Python crawler-Crawl a website movie download address

Source: Internet
Author: User

Preface: because oneself or is a Python world pupil, still have a lot of way to go, so this article aims for the guide, achieves the goal, for those I have not understood the principle, does not do to do too much explanation, lest fraught, everybody may search on the net.

friendly hint: This code uses the URL only for the Exchange study use, if has the inappropriate, please contact deletes.

background: I have a computer to give dad to use, the Don likes to see some large, but the home network environment is not good, want to bulk download some to save to the computer.
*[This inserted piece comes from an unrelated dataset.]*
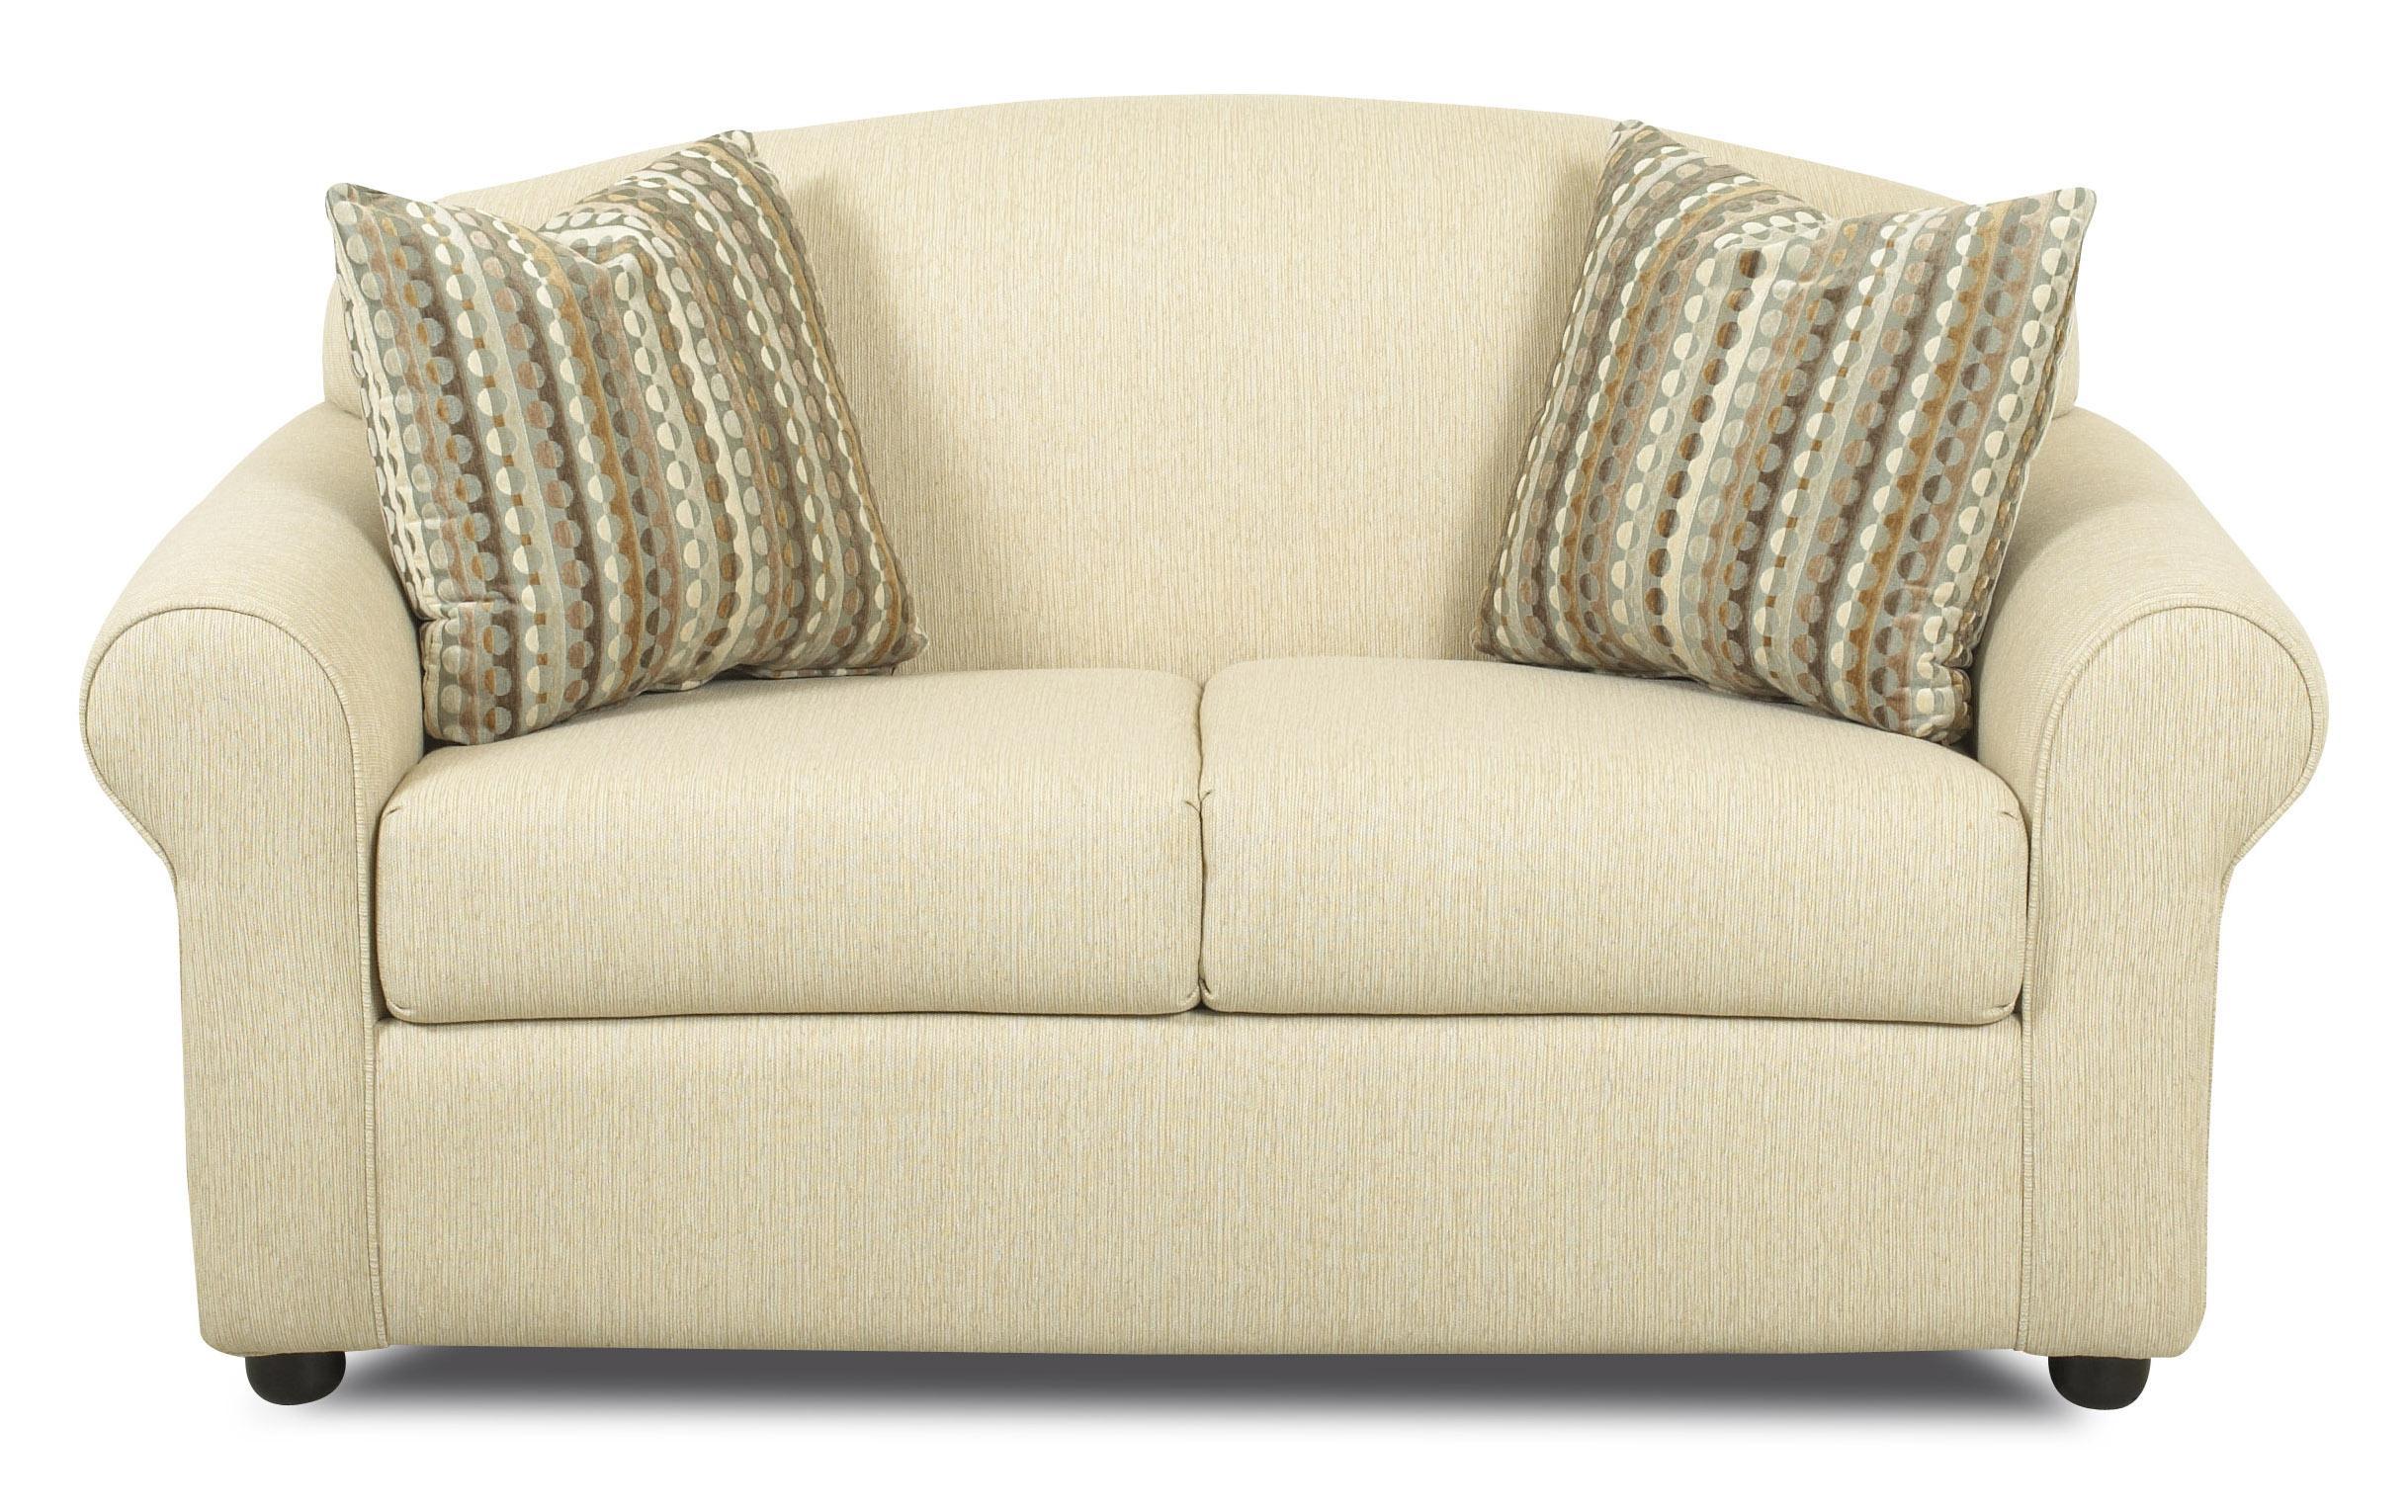 klaussner possibilities 500 itsl innerspring twin sleeper loveseat dunk bright furniture. Black Bedroom Furniture Sets. Home Design Ideas

But most of the sites are like this at the moment,

Need a place to go in to see

If I want to download 100 movies, that must have broken hands, so I want to take these addresses to crawl out, Thunder batch download.

tools:python (version 3.x)

Crawler principle: The Web page source code contains, these scattered addresses in bulk saved to the file, easy to use.

Dry: first on the code, can not wait for you to run first, then see the detailed introduction.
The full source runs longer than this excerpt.